Kyocera introduced three new CDMA phones at CTIA. All three are basic clamshells that will serve as entry level phones or just-above entry level. Despite their humble aspirations, these three phones have their own sense of style and offer the mildly fashion-conscious a reasonably good looking piece of hardware. Each of them only supports 1xRTT wireless data, and they have yet to be picked up by any U.S. carriers.
The Neo was the top of the new line from Kyocera. This phone has a hidden OLED display on the front that will display call and message alerts. But that's not what you notice. What really stands out is the pulsing blue light that serves as a backbone of sorts for the Neo. It's a very attractive design element. We're not sure if you can turn this pulsing light off, or if it always pulses, but it is definitely a cool touch.

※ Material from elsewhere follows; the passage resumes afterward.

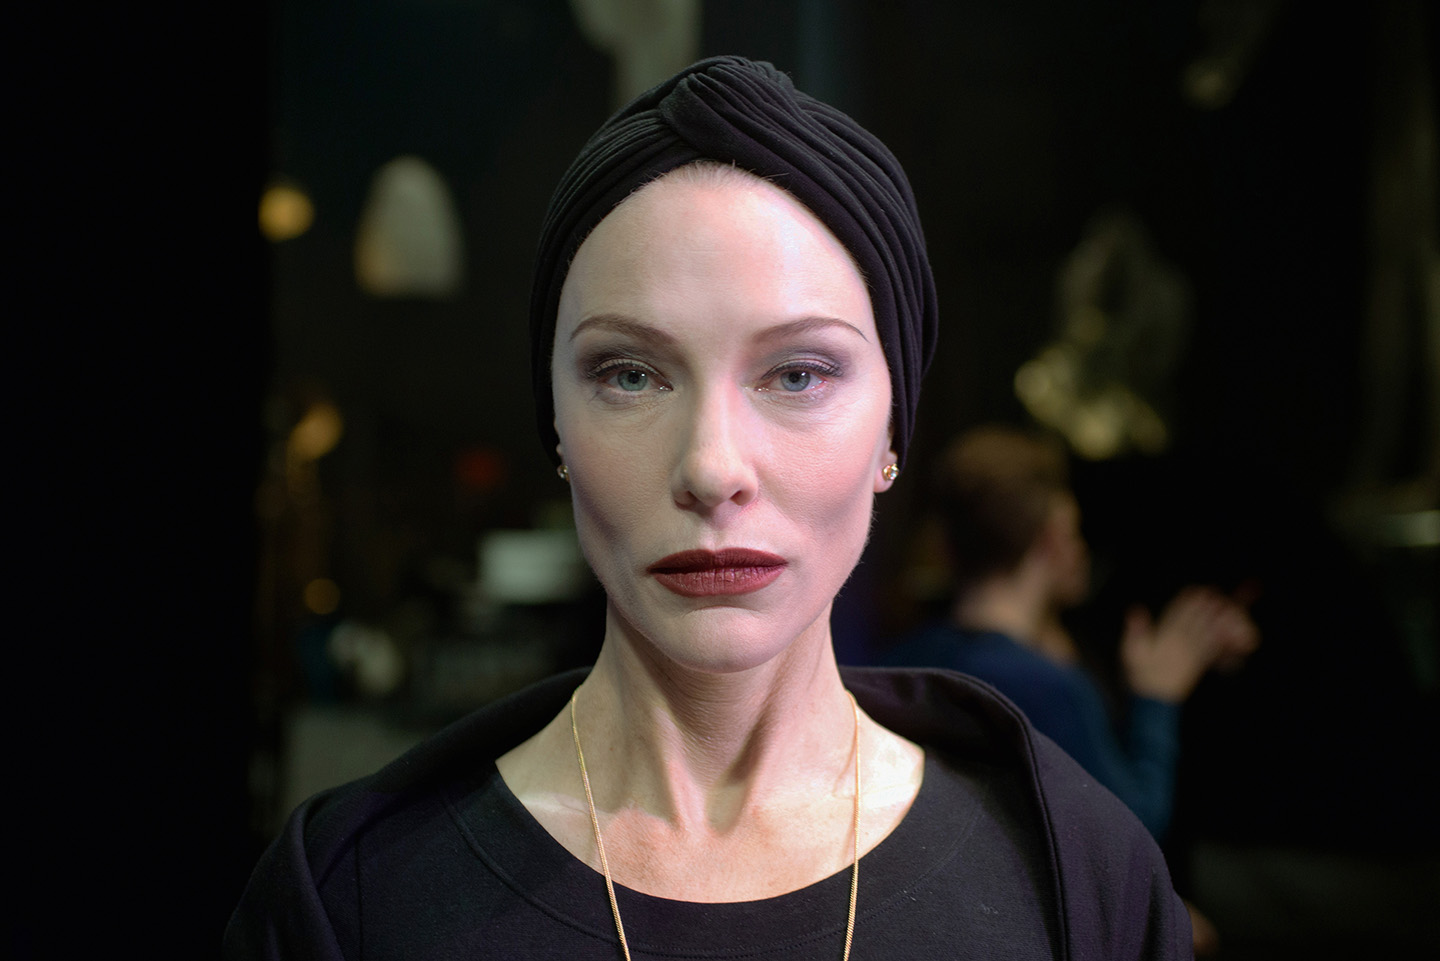 Manifesto, arriva in sala il film con Cate Blanchett

The rest of the hardware is made of fairly smooth plastics that feel pretty good in your hand. It is very light and balanced both closed an open. The volume toggle and camera keys on the left side of the phone were adequate, and the hatch covering the microUSB port were all easy to find and offered acceptable feedback. The numeric keypad is completely flat, but the keys offered a lot of feedback and travel. Because of the flat nature of the keypad and lack of any real physical cues, it was sometimes difficult to tell exactly where your thumb was on the Neo's keypad. We wish Kyocera had included the standard nub on the 5 key or some other way to tell users where their thumbs are.
The main menu system of the Neo was working, but nothing beyond that. We were able to zoom around and see all the different things that will be included on the final build of the phone, but the actual applications did not load/work. The menu grid made sense and didn't present any obstacles in finding applications or tools.

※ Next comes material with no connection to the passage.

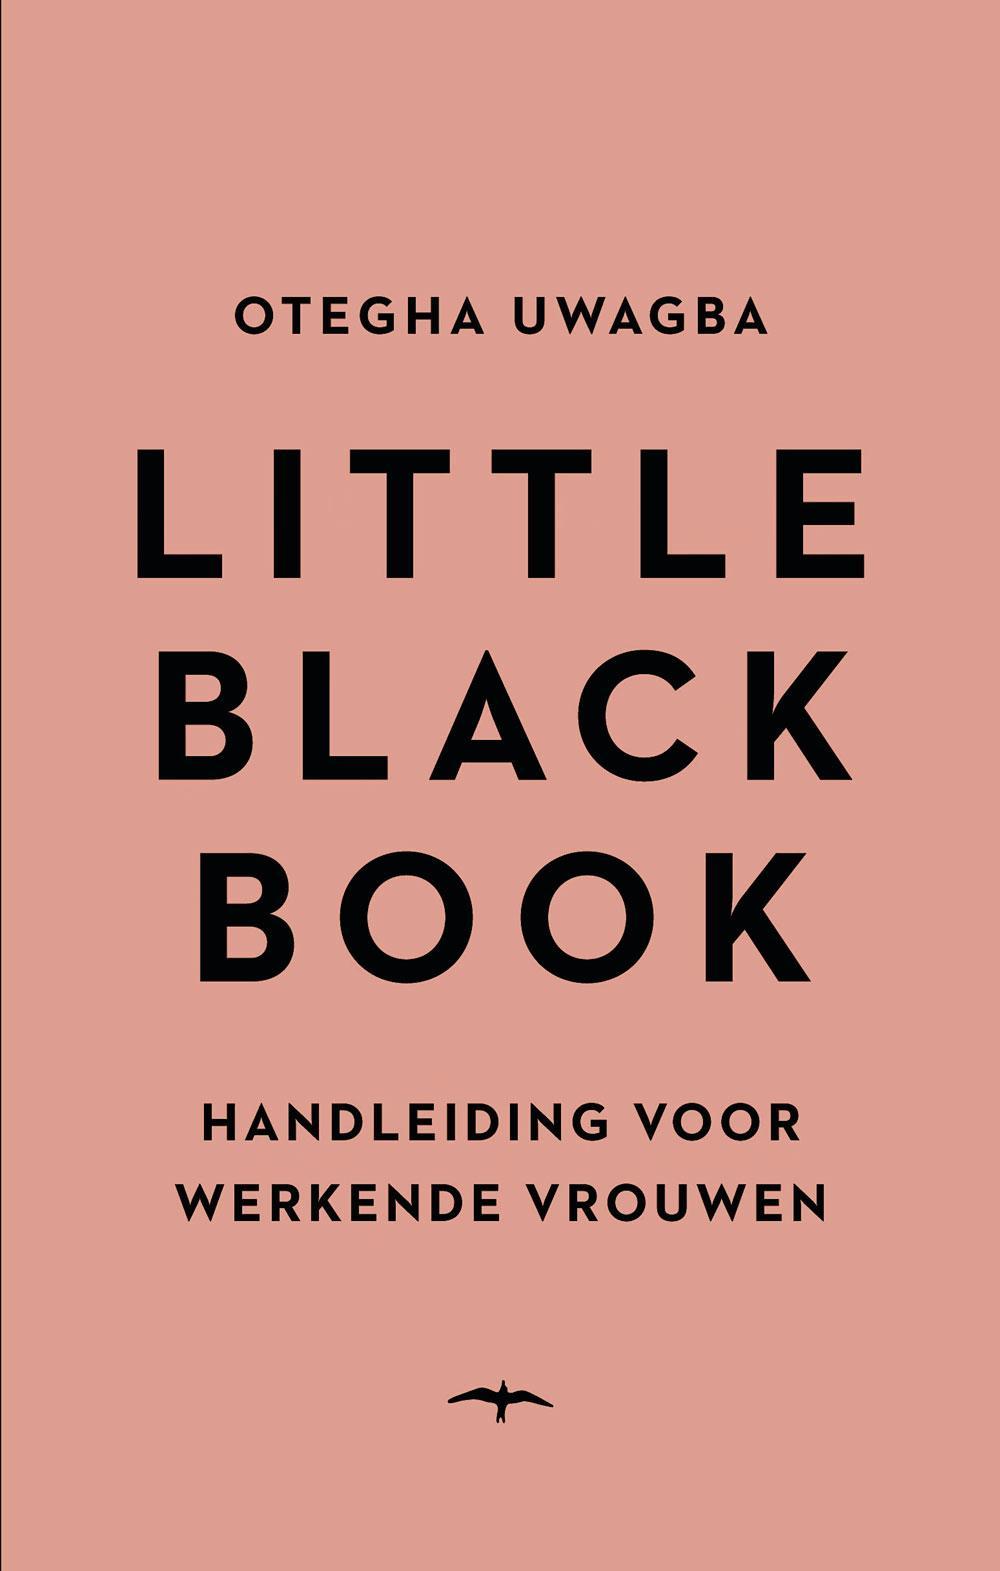 Little Black Book, Otegha Uwagba, uitg. Thomas Rap, 9,99 euro.

Given its feature set, this phone could be a good option for those that want more than the entry level phone has to offer.
Here is a brief video tour of the Neo:
This phone is a little tiny bit of a step down from the Neo. It is less stylish, but just as functional. The graphite and silver coloring is nice, and it is a very light phone. It weighs barely anything and because the body is fairly narrow, it was easy to grip it in your hand. The buttons on the left side of the phone were not working all that well, and were recessed so far into the body of the phone that they were difficult to press. Perhaps this was a pre-production unit that had seen too much time on the show floor. There is a nice notch in the seam of the phone for your thumb. This helps you pop the phone open. quite easily.

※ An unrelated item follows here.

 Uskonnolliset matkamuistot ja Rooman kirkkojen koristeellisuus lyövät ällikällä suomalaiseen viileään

Once open, you can see the flat keypad. The numeric keys themselves moved quite well and offered plenty of feedback and travel. The D-pad, however barely offered any feedback and travel. It was quite difficult to tell when you had pressed the buttons and this led to navigation errors. The D-pad also has only small slivers of space for your thumb to actually press it.
The screen of the Mako is strangely small. It is well under the two-inch mark, and floats in a giant black panel on the top half of the flip. It really looks odd. Whatver reason the Mako has such a small display, the colors looked nice.
The Mako's OS was also more full realized than that of the Neo. We were able to sample many of the applications. They were speedy and worked well. The camera application was okay for taking snapshots, but there's very little to customize with it, so you won't be rivaling Ansel Adams with it.
Here is a brief video tour of the Mako:
This phone is yet another step down from the previous two we've discussed here. The Adreno is a basic clamshell and has a single line display on the front to show you messaging call alerts. It is a small and light phone, very pocketable and easy to hold onto.
Opening it up, there is a flat keypad, with some hexagonal ridges on the keypad. These ridges appear to be for design sake, and definitely give the keypad a unique look. Using the keypad was straight forward. The keys offered acceptable travel and feedback, and so did the D-pad and navigational keys.
The menu system was the same as on the Mako, and the grid was easy enough to decipher and use to access the phone's features and functions.